Ultrafast 2D-IR spectra of the νNO mode of nitrosylated catalase in deuterated solvent are shown in Fig. 3(A–C); the corresponding data for aqueous samples are shown in Fig. S4(A–C). The data in deuterated solvents are consistent with those reported previously.25 The diagonal (v = 0–1) transition of the νNO mode is located at 1881 cm−1 while the accompanying v = 1–2 peak is shifted by 31 cm−1 to lower probe frequency. The νNO mode was observed to demonstrate inhomogeneous broadening, as demonstrated by an elongation of the 2D lineshape along the spectrum diagonal at short experimental waiting times (equivalent to a pump–probe delay time). As the waiting time increased, the lineshape became more circular in profile.25,40–43 This effect is caused by fluctuations in the electrostatic environment of the ligand leading to small, dynamic changes in the haem ligand stretching frequency.44,45 At short waiting times this leads to a diagonal elongation of the 2D-IR peaks because the experimental timescale is short relative to the fluctuation dynamics, causing a correlation of pump and probe (excitation and detection) frequencies in the 2D-IR spectrum. As the waiting time increases to become comparable to the underlying dynamics, this correlation is lost as the ligand samples the full range of environments accessible to it, leading to a circular lineshape. This process is termed spectral diffusion and quantification of the waiting-time-dependent changes in the lineshape provides a measure of the structural dynamics of the haem ligand environment. A range of methods has been established to achieve this quantification.8,9,43,46–49
image file: c4sc02752c-f3.tif
Fig. 3 (A–C) 2D-IR spectra of nitrosylated catalase in D2O at a range of waiting times. (D–F) Fits of the data in (A–C) to 2D Gaussian lineshape functions, see text.

The spectral diffusion dynamics for the νNO mode of catalase–NO in both solvents were extracted via fitting to a 2D Gaussian function incorporating a parameter, C2D, which provides a quantification of the correlation between pump and probe frequencies. This method has been reported previously and compared to other approaches.43 The results of the spectral fitting for deuterated (aqueous) samples are shown in Fig. 3D–F (Fig. S4(D–F)) while the dependence of the C2D parameter upon the waiting time is shown in Fig. 4 for both solvents.

image file: c4sc02752c-f4.tif
Fig. 4 Spectral diffusion of the νNO mode of nitrosylated catalase in D2O and H2O as a function of waiting time.
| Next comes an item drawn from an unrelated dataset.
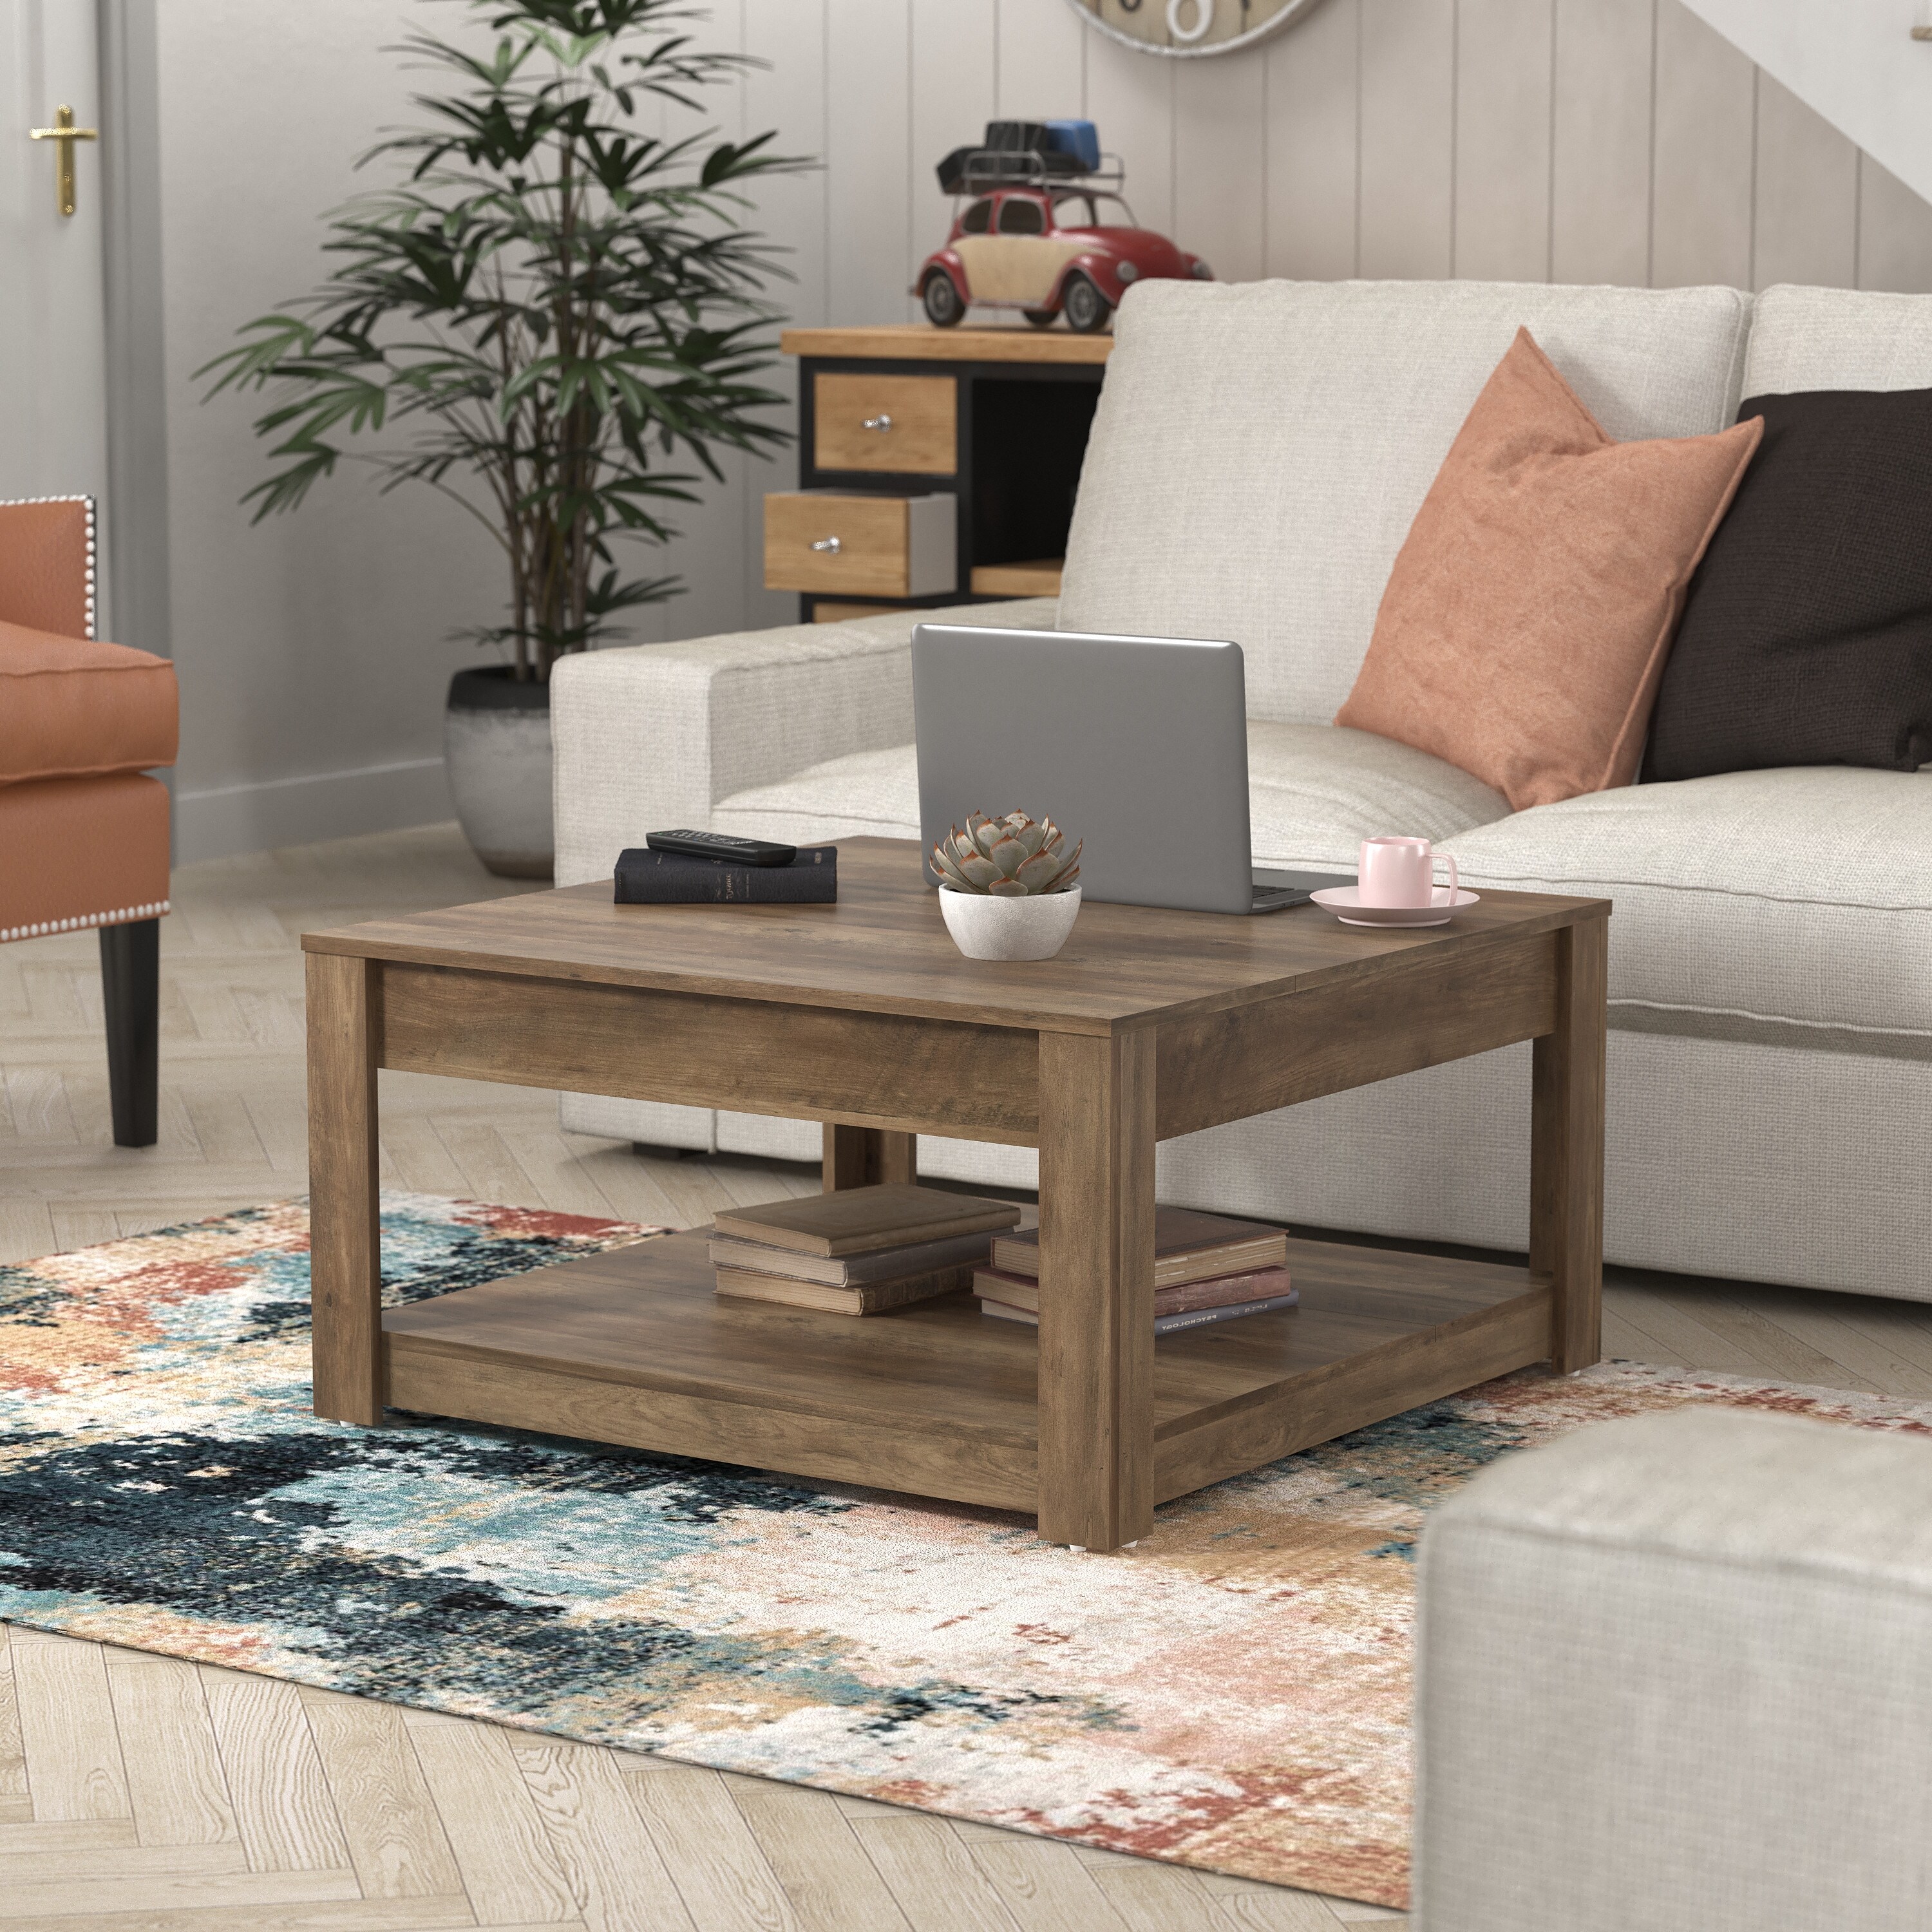 GALANO Philia 31.5 in. Oak Square Wood Top Coffee Table with Storage - 31.5"W x 31.5"D x 16.3"H

In a previous study reporting the spectral diffusion dynamics of catalase–NO in deuterated solution, we employed a single exponential function to fit the temporal decay of C2D and obtained a value of 3 ps for the spectral diffusion dynamics.25 Using a similar approach with the new data reported here returned a value of 2.5 ps, again with a small static offset, which is in close agreement when taking into account the greater number of data points obtained at short waiting times in this study. It was clear from the data for catalase–NO in deuterated solvent (Fig. 4) however that superior agreement between fitting function and data could be obtained using a biexponential function, albeit with a second decay constant that was too long to be well-defined, considering the temporal range of the data obtainable. This approach resulted in a shortening of the picosecond timescale decay recovered and highlights the dependency of the absolute value of the picosecond dynamics upon data points obtained at longer waiting times where the signal to noise ratio is lower due to vibrational relaxation. This was particularly the case for aqueous solutions where the larger spectral density of the solvent in the NO stretching region (Fig. S1) reduced the signal somewhat in comparison to that in D2O. In the case of aqueous solutions, fitting to a biexponential function was found to be possible but the quality of the fit was insensitive to the long timescale parameter. Thus, to reliably compare the short waiting time dynamics in the two solvents, a biexponential function was employed with the longer decay parameter fixed in order to minimise the error at shorter times. This accounts for the fact that longer-timescale processes influence the spectral diffusion in both cases but that these are not accurately recoverable. Using this method, picosecond timescale decays of 1.3 ± 0.2 ps and 1.7 ± 0.1 ps were obtained for aqueous and deuterated samples respectively. Furthermore, fitting the data to single exponential functions over a range of waiting time windows in order to assess the impact of the long-time dynamics revealed a range of values for the two samples of 1.1–1.5 ps (aqueous) and 1.6–1.8 ps (deuterated) leading to the conclusion that, irrespective of the absolute value of the dynamics, which will also be affected by faster processes, a clear isotope dependence is observed in the picosecond window. This can be observed in Fig. 4.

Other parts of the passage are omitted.